> **SOURCE DATA**:
[Start of section]

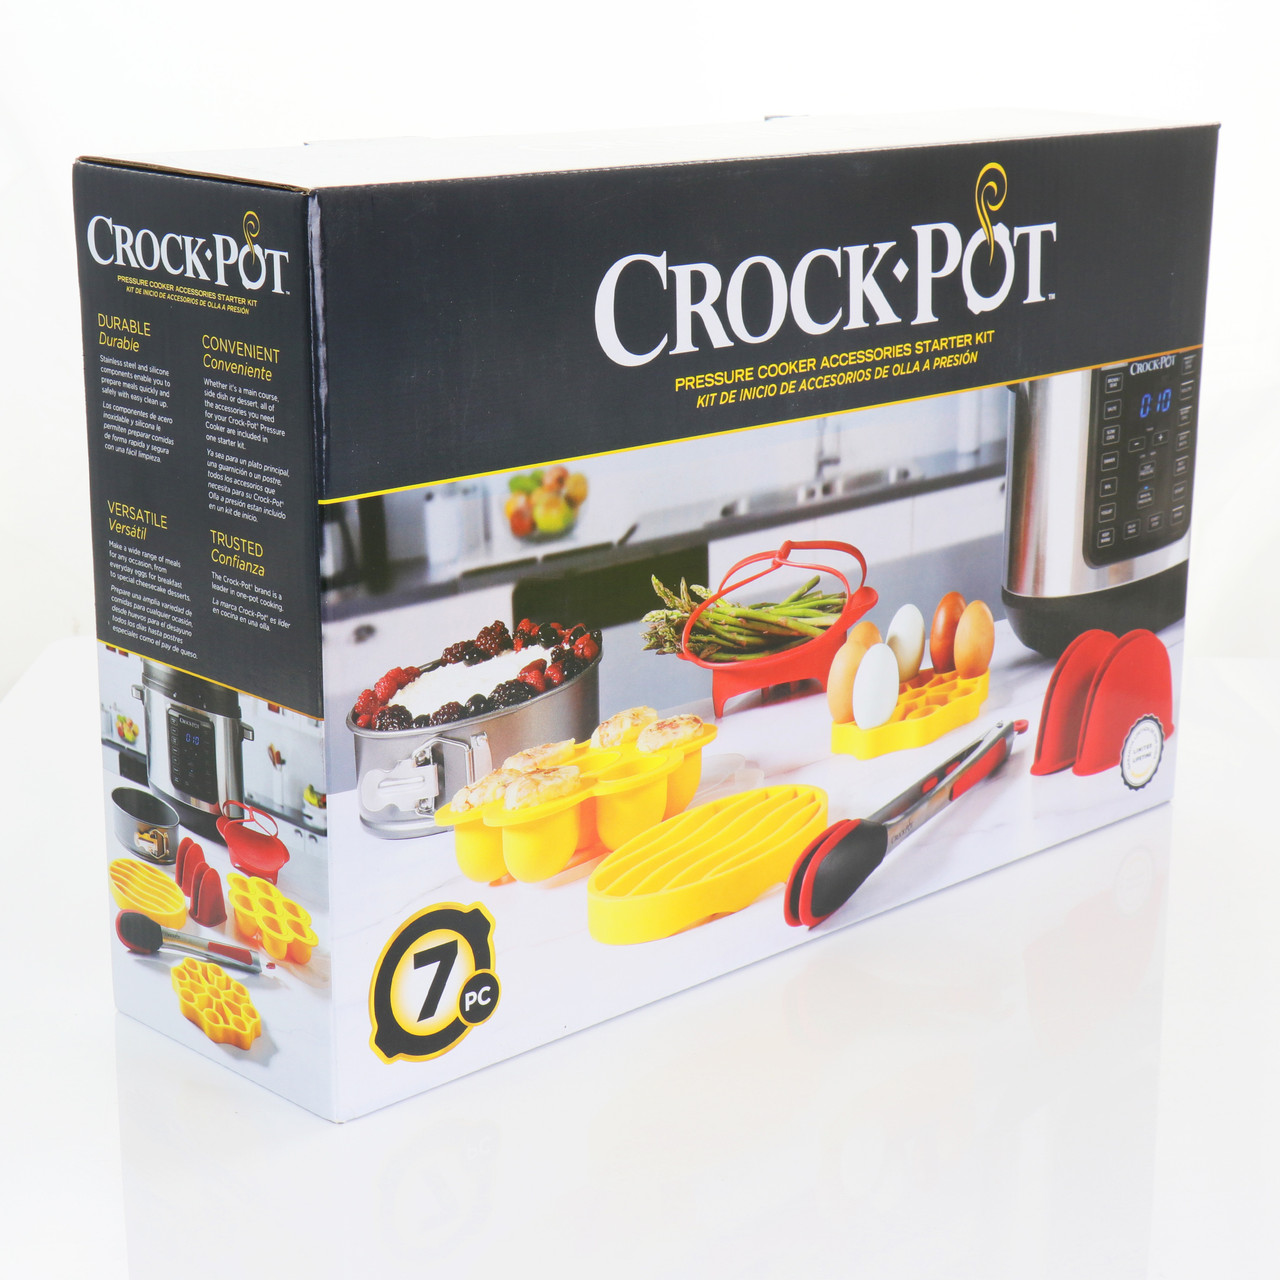 Crock-Pot 7-Piece Pressure Cooker Accessories Starter Kit
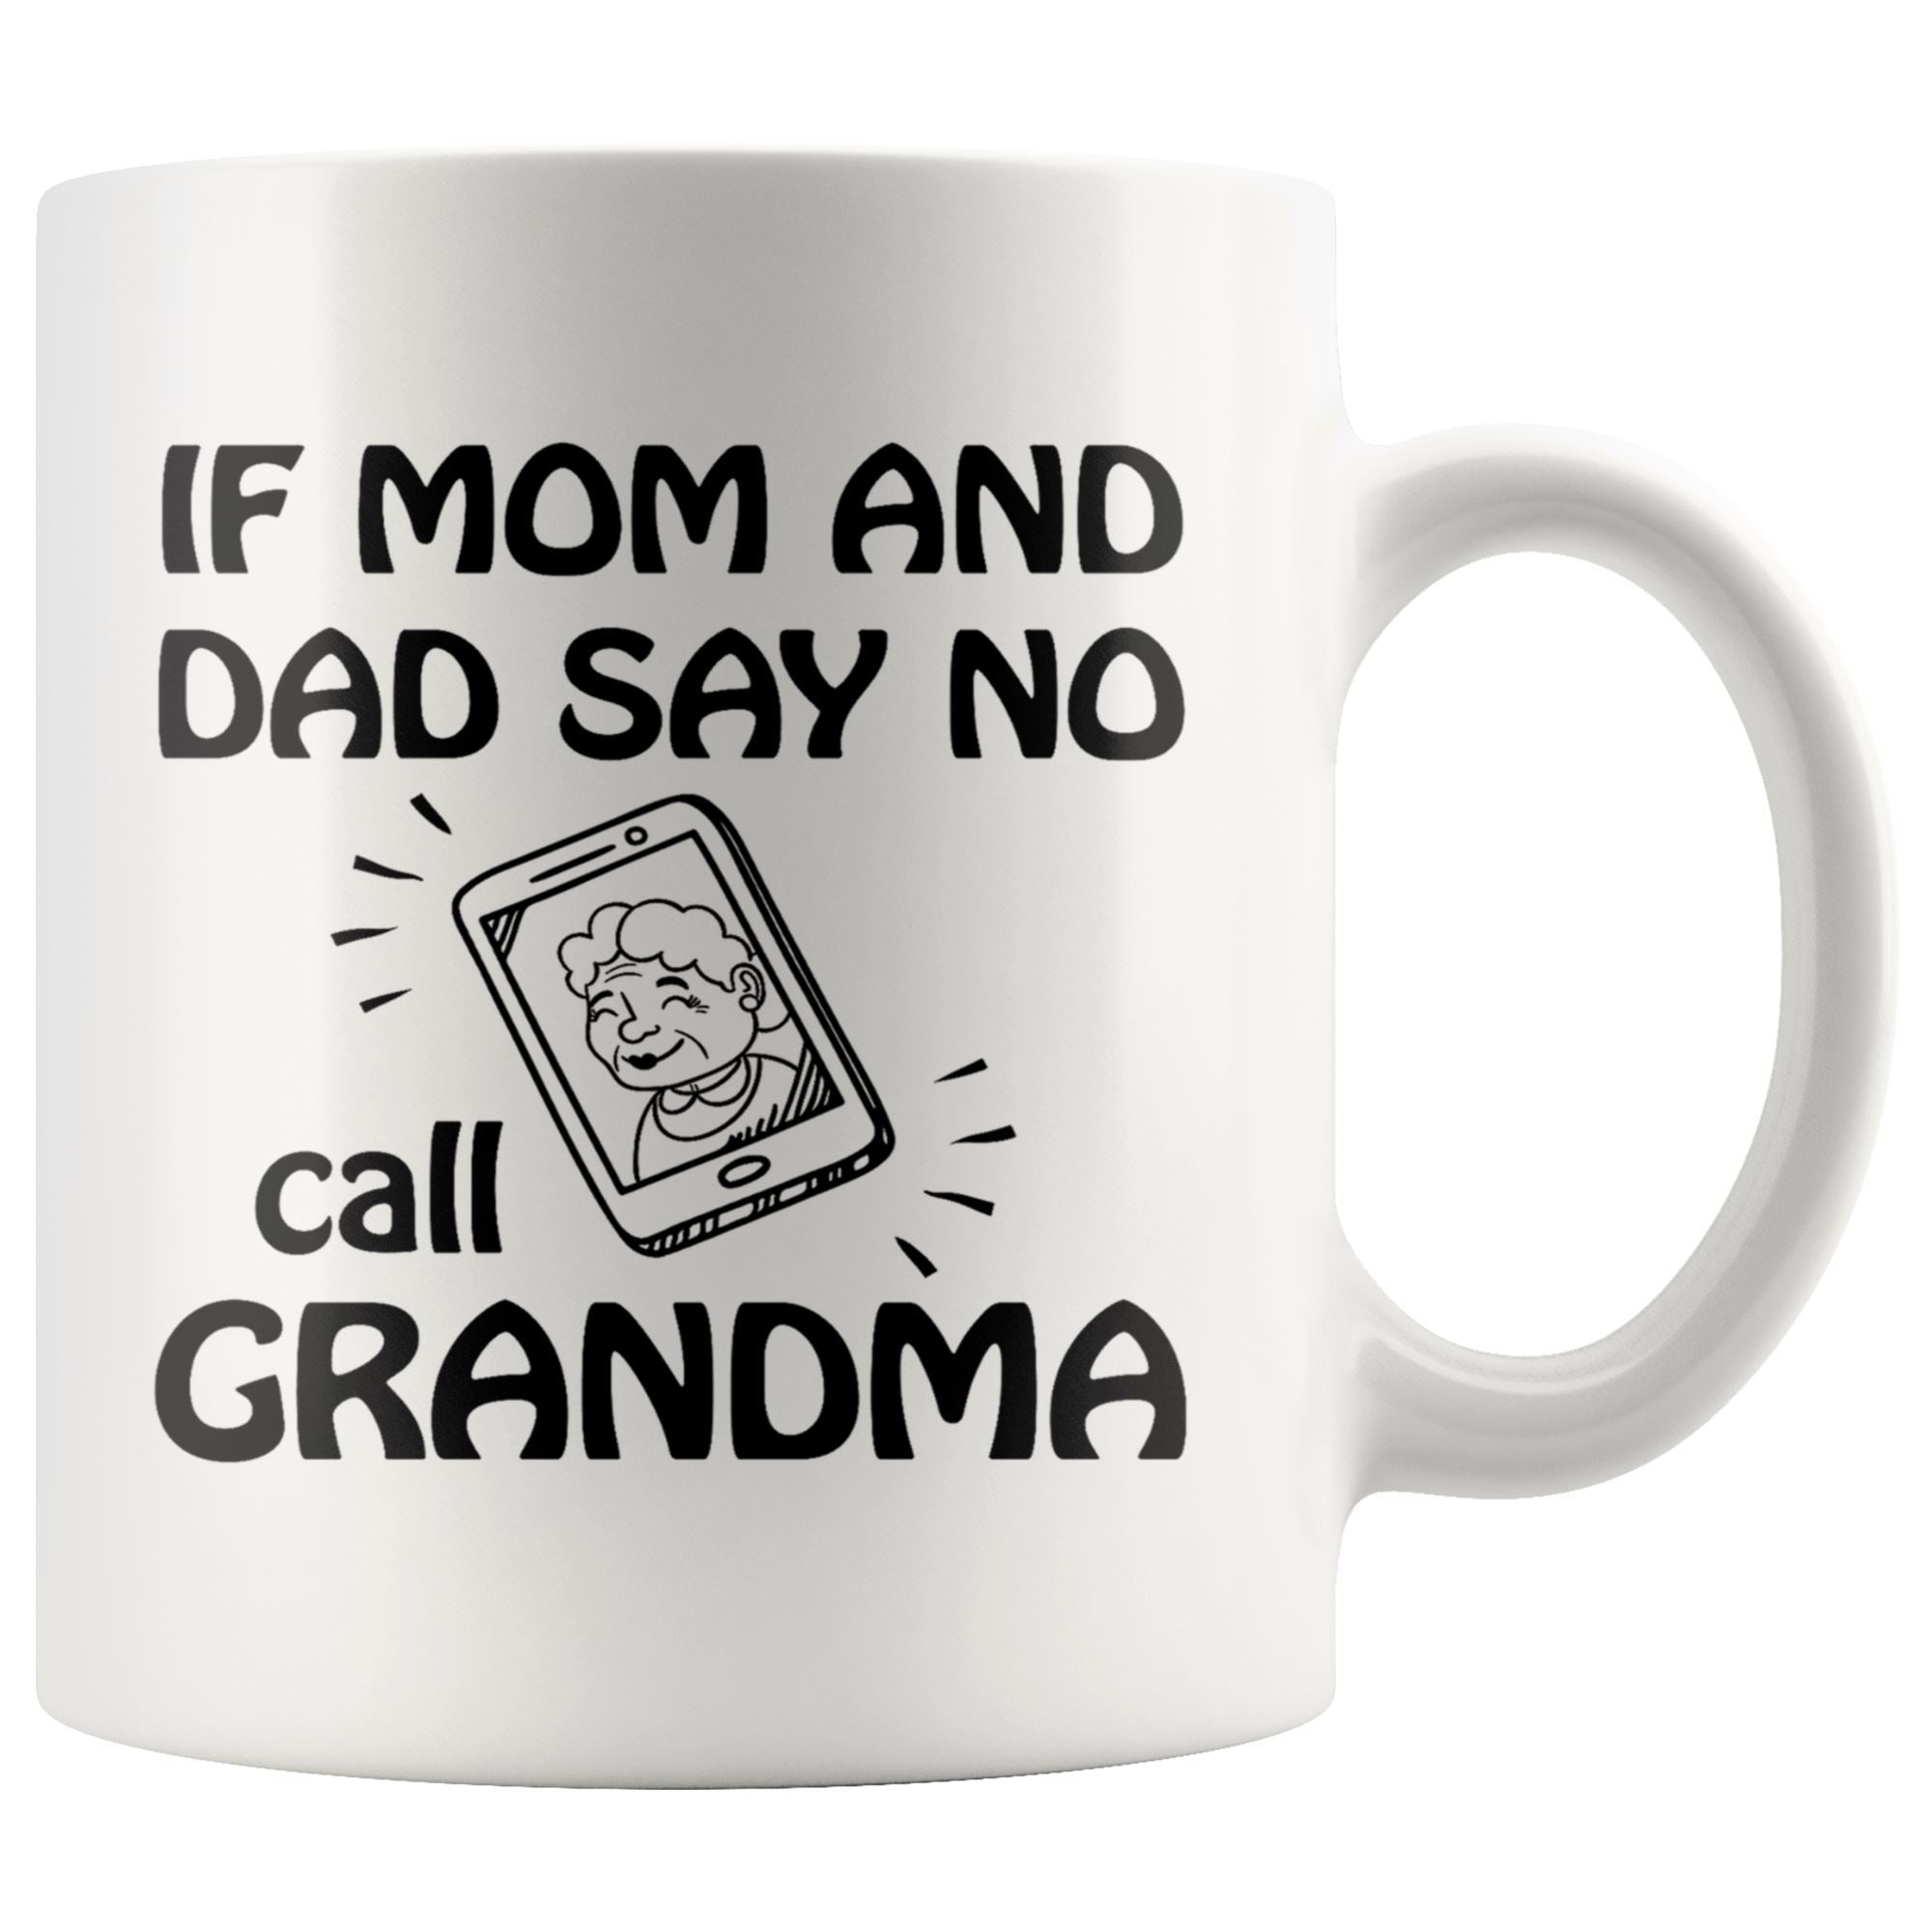 Call Grandma Drinkware teelaunch 11oz Mug 
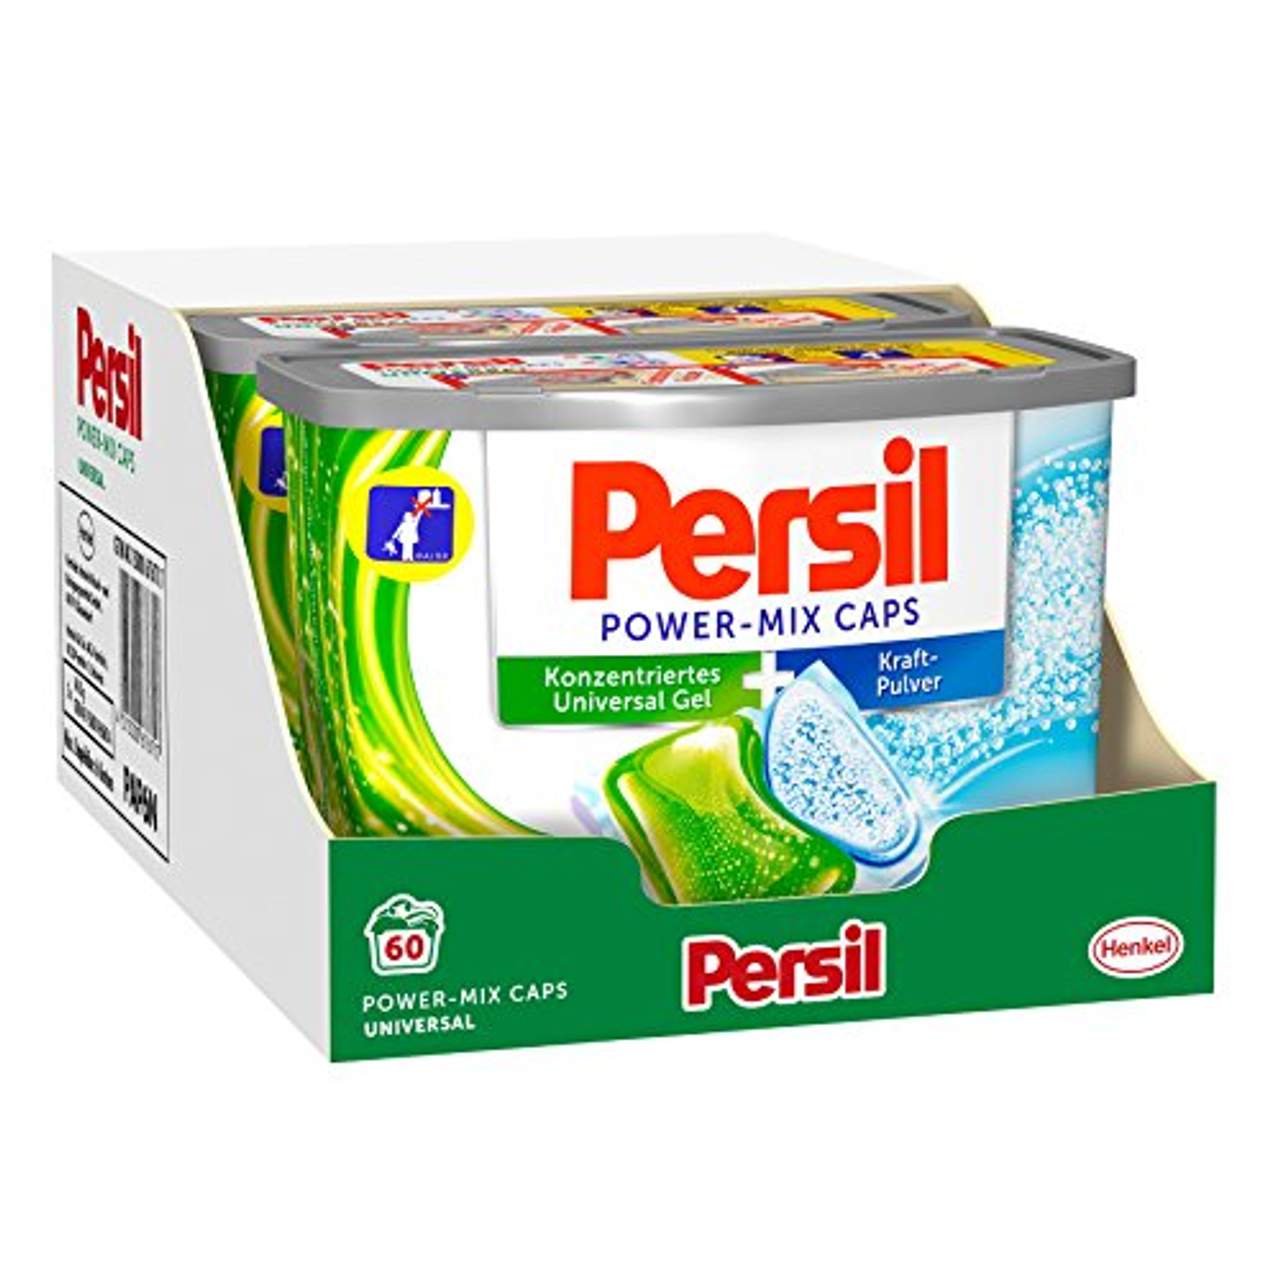 Persil Universal Power-Mix Caps

[End of section]

> **EXERCISE AIM**: All of the material above must be retyped exactly, line for line, with the images dropped.

> **FINAL ANSWER**:
 Crock-Pot 7-Piece Pressure Cooker Accessories Starter Kit
 Call Grandma Drinkware teelaunch 11oz Mug 
 Persil Universal Power-Mix Caps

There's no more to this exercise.